If integers $s$, $x$, $y$, $z$ are such that $s=5xy+5yz+5xz=2x^2+2y^2+2z^2$, then $10s$ is a perfect square

Question

I'm having a problem with a question:

Consider integer $s$ and integers $x,y,z$ such that $$s = 5xy+5yz+5xz \quad\text{and}\quad s= 2x^{2} + 2y^{2} + 2z^{2}$$ Prove that $10s$ is a perfect square.

I'm pretty sure it has something in common with $$(x+y+z)^{2} = x^{2} + y^{2} + z^{2} + 2(xy+yz+xz)$$ e.g. if I somehow (prob. by writing $10s$ as $4s + 6s$ etc.) show $10s$ equals $4, 9$ or $16$ times $(x+y+z)^{2}$, then I'm done, yet I have no clue how to show this.
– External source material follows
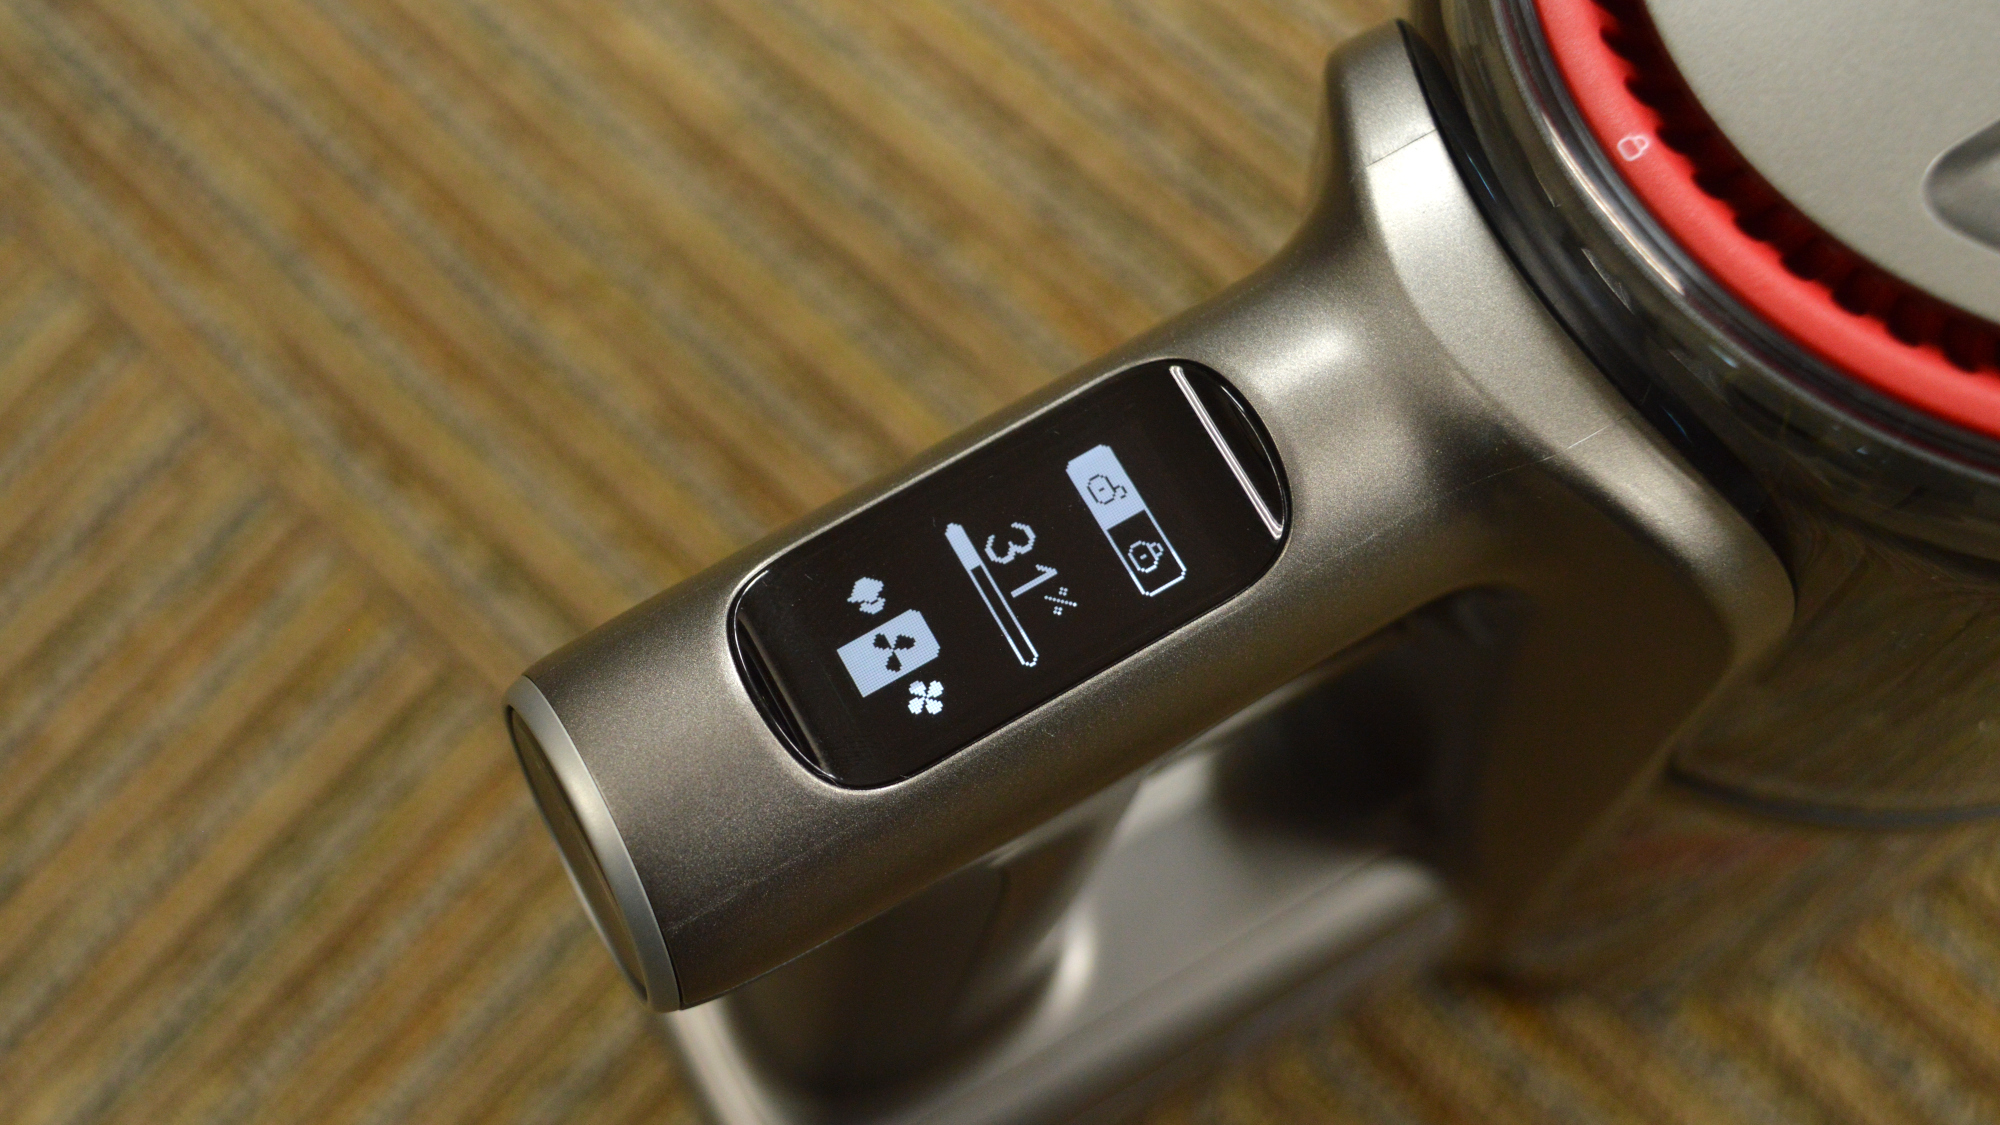 Roborock H7 Cordless Vacuum Display
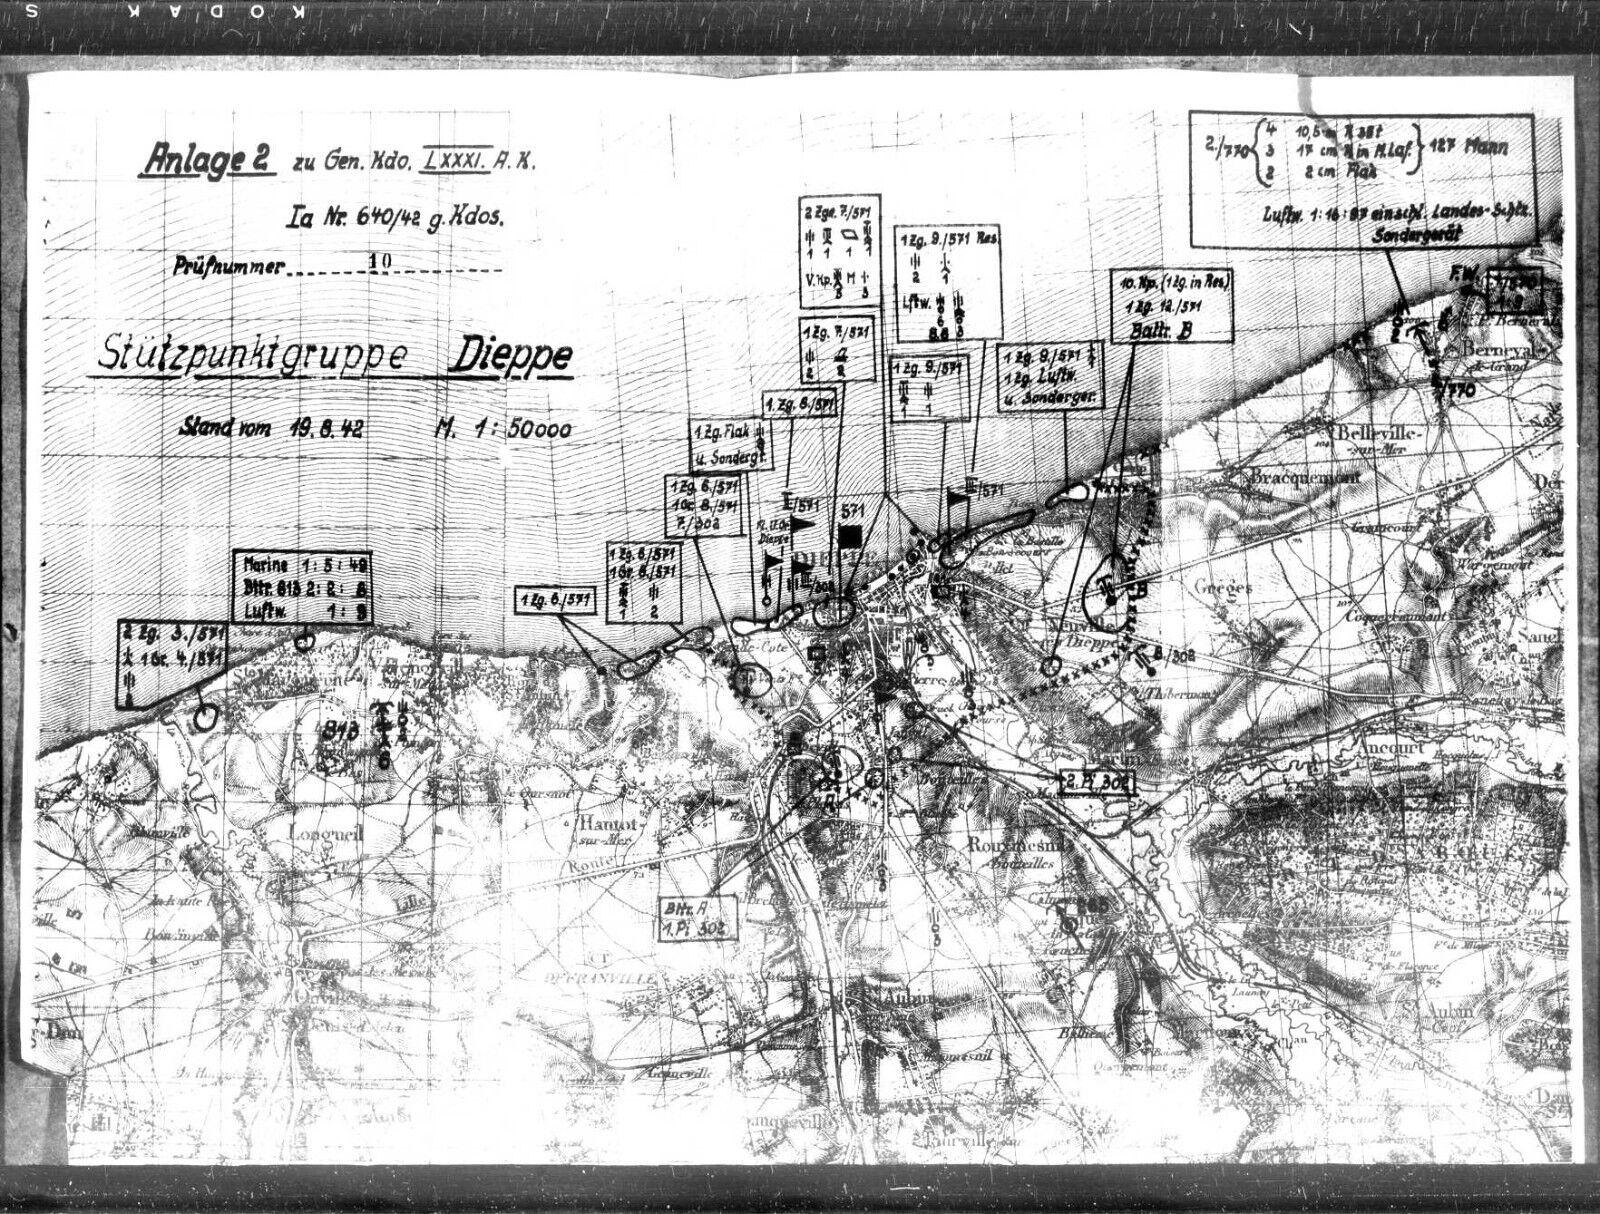 Dieppe Stutzpunktgruppe S-l1600

Another idea was to check modulo, and I found at least one of $x,y,z$ is divisible by $5$ and at least two of $x,y,z$ are even still don't know how to use it.

Answer 1

$100(x+y+z)^2=100\left(x^2\!+\!y^2\!+\!z^2\right)+200(xy\!+\!yz\!+\!xz)=$

$=50s+40s=90s\;.$

Since $\;3\mid90s\;,\;$ it results that $\;3\mid(x+y+z)\;,\;$ hence ,

$x+y+z=3w\;$ where $\;w\in\mathbb Z\;.$

Moreover,

$100(3w)^2=90s\;,\;$ consequently ,

$100w^2=10s\;,$

$10s=(10w)^2\;.$

Answer 2

$(xy+yz+xz)=\frac 15 s$ and $x^2 + y^2 + z^2 = \frac 12s$

Now $(x^2 + y^2 + z^2) + 2(xy + yz+xy)= (x+y+z)^2$

so $\frac 12 s + \frac 25 s = \frac 9{10}s=(x+y+z)^2$

So $10s = \frac {100}9(x+y+z)^2 = (\frac {10}3(x+y+z))^2$.

Dang.

So close!

But if we can prove $x+y+z$ is divisible by $3$ we will be okay. Can we?

Well, it must. We have $\frac 9{10}s = (x+y+z)^2$ so $9x = 10(x+y+z)^2$ is an integer. So $9\mid 10(x+y+z)^2$ so $9|(x+y+z)^2$ and $3|x+y+z$. Hurray! we are done.